To address the challenges of unknown-object recognition and continual model evolution in safety-critical autonomous driving scenarios, this paper proposes a perception system development framework supporting real-time class-incremental learning and online adaptation. The core innovation is a unified adaptive pipeline comprising: (1) an extensible network architecture enabling zero-forgetting incremental expansion; (2) a retraining-free dynamic out-of-distribution detection mechanism ensuring open-set robustness; and (3) retrieval-based data augmentation enhancing safety-critical deployment reliability. Evaluated on CARLA and nuScenes benchmarks, the framework achieves 98.2% accuracy on known classes and 91.7% detection rate for unknown classes. Integrating new classes takes under three minutes, with less than 0.3% performance degradation on prior tasks—marking the first unified optimization of zero-forgetting incremental learning and open-set recognition.

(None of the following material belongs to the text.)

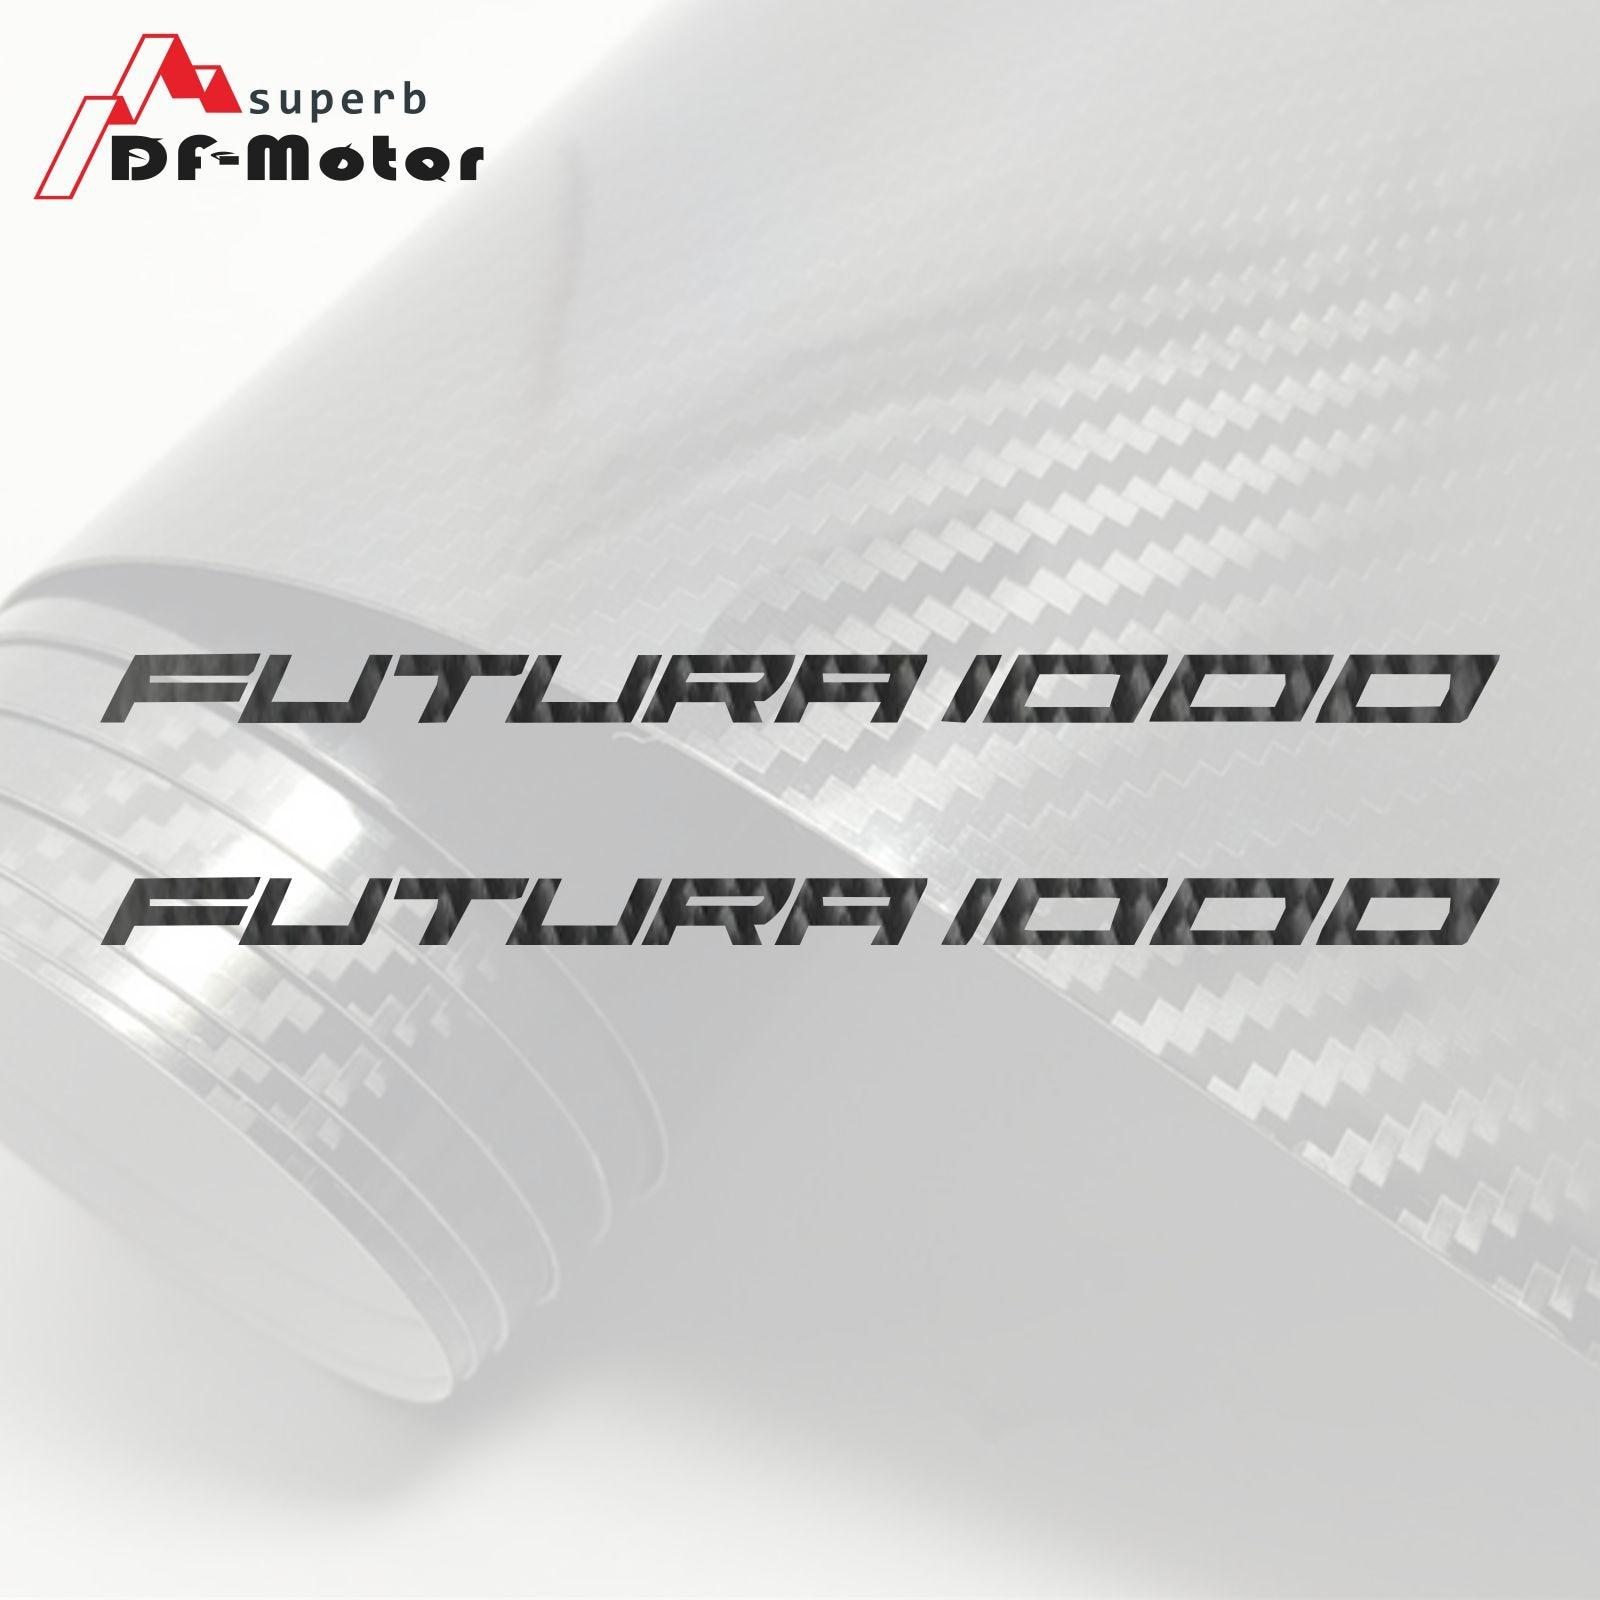 8Inch 5D Carbon Fiber Sticker Decal Motorcycle Car Sticker Wheels Fairing Helmet Sticker DIY For APRILIA RST 1000 Futura

Advances in machine learning methods for computer vision tasks have led to their consideration for safety-critical applications like autonomous driving. However, effectively integrating these methods into the automotive development lifecycle remains challenging. Since the performance of machine learning algorithms relies heavily on the training data provided, the data and model development lifecycle play a key role in successfully integrating these components into the product development lifecycle. Existing models frequently encounter difficulties recognizing or adapting to novel instances not present in the original training dataset. This poses a significant risk for reliable deployment in dynamic environments. To address this challenge, we propose an adaptive neural network architecture and an iterative development framework that enables users to efficiently incorporate previously unknown objects into the current perception system. Our approach builds on continuous learning, emphasizing the necessity of dynamic updates to reflect real-world deployment conditions. Specifically, we introduce a pipeline with three key components: (1) a scalable network extension strategy to integrate new classes while preserving existing performance, (2) a dynamic OoD detection component that requires no additional retraining for newly added classes, and (3) a retrieval-based data augmentation process tailored for safety-critical deployments. The integration of these components establishes a pragmatic and adaptive pipeline for the continuous evolution of perception systems in the context of autonomous driving.